Меир Шалев - Дело было так
Я действительно застал там Шахара, но он сам встал из-за стола и сам завел разговор со мной, и потому я набрался смелости и позволил себе задать ему несколько вопросов — из числа тех, которые молодой и восторженный читатель всегда задает известному и любимому писателю. Среди прочего, я спросил, как он пишет. Он ответил вопросом, пишу ли я тоже. Или, может быть, собираюсь писать? Я признался, что иногда пишу стихи, порой в стол, порой — для знакомых девушек, но в принципе хочу заниматься не литературой, а, напротив, зоологией, только еще не решил, какой именно областью — то ли энтомологией, то есть насекомыми, то ли этологией, то есть поведением животных.
Он улыбнулся и сказал:
— Ну, если ты тоже пишешь, я тебе отвечу. Я пишу одну страницу в день, потом шлифую ее и больше ни разу к ней не возвращаюсь.
Сегодня я тоже улыбаюсь, вспоминая этот ответ, потому что сегодня я не занимаюсь ни энтомологией, ни этологией и уже не пишу стихи, ни девушкам, ни в стол, а пишу книги, но, в отличие от Шахара, так и не могу разом написать абсолютно законченную страницу, даже одну в день.
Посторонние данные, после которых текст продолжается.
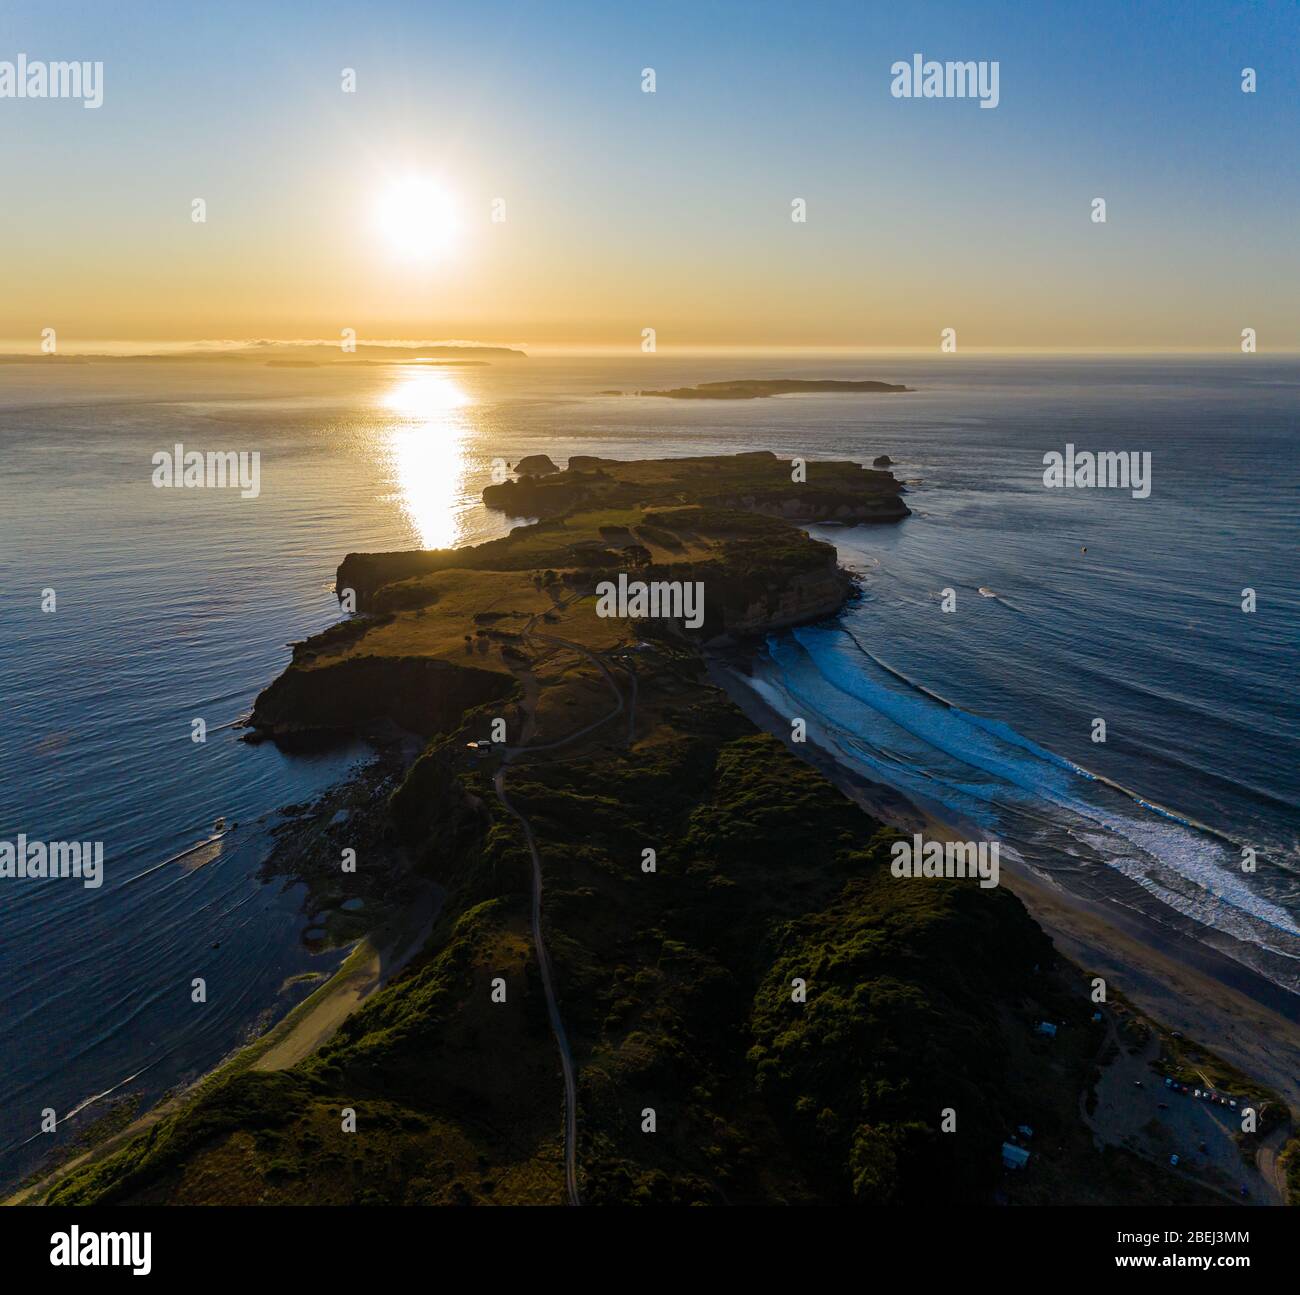 Luftaufnahme der südpazifischen Ozeanküste bei Sonnenuntergang Stockfoto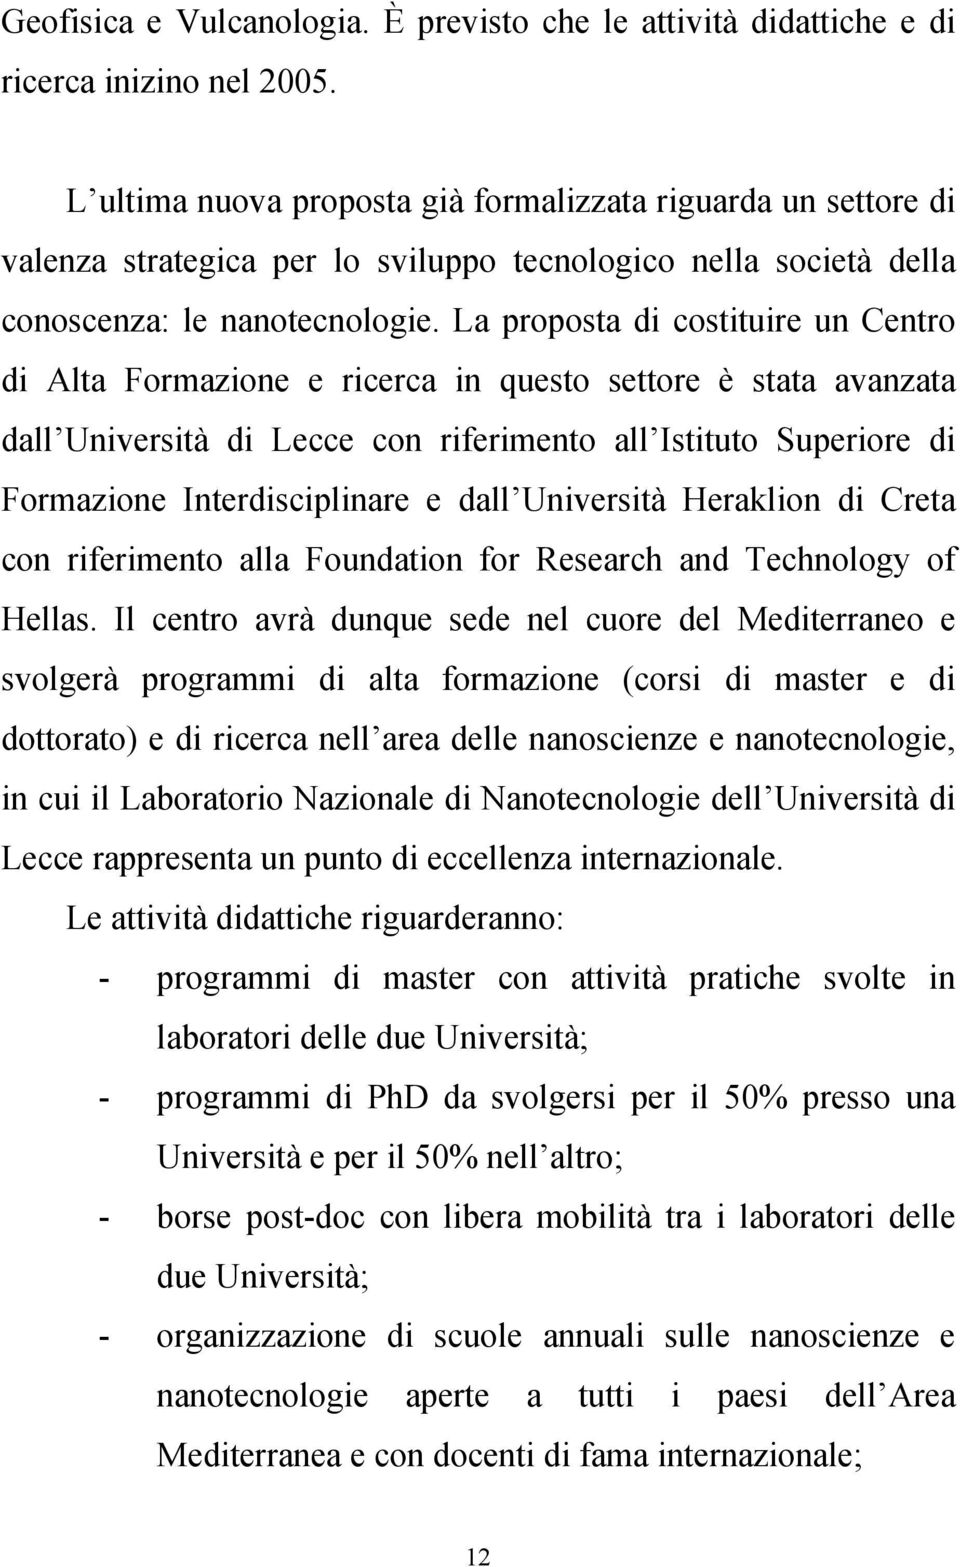 L propost di costituire un Centro di Alt Formzione e ricerc in questo settore è stt vnzt dll Università di Lecce con riferimento ll Istituto Superiore di Formzione Interdisciplinre e dll Università

Мне приходится не раз возвращаться к написанному, снова и снова менять, и исправлять, и проверять, как проверяют воду из ведра, против света, пока эта страница не станет такой, как следует быть, то есть совершенно ясной, прозрачной и чистой.
Вернусь, однако, к нашей встрече на улице Шопена в то приятное летнее утро, в тот плохой год, когда один за другим умерли оба моих родителя. Я шел тогда в центр города, а Шахар вышел на свою ежедневную утреннюю прогулку — как обычно, элегантный, привлекая всеобщее внимание своим умным и саркастическим лицом и впечатляющим видом. На голове у него был большой черный французский берет, щегольски сдвинутый набок, вокруг шеи повязан шелковый цветной шарф, черный плащ, похожий на монашескую рясу, стекал с его плеч, а правая рука то ли опиралась на тонкую трость, то ли играла ею.
Мы встретились на площади перед Иерусалимским театром, поздоровались, обменялись несколькими словами, и разговор, естественно, зашел о моих родителях. Он упрекнул меня, что я слишком поздно, по его мнению, начал писать, но порадовался, что я еще успел прочесть отцу и матери свою первую книгу, «Русский роман». Я с грустью сказал, что успел прочесть ей, уже больной, не поднимавшейся с постели, и ему, тоже уже больному, не поднимавшемуся с постели, также и главы из моего второго романа, «Эсав», который я тогда писал, и что мне очень жаль, что они не прочли эту книгу в ее окончательном, напечатанном виде. И тут он припомнил, как они оба радовались тому, что я стал писать, и как мама была особенно рада, что мой первый роман был связан с Долиной и с Нагалалем.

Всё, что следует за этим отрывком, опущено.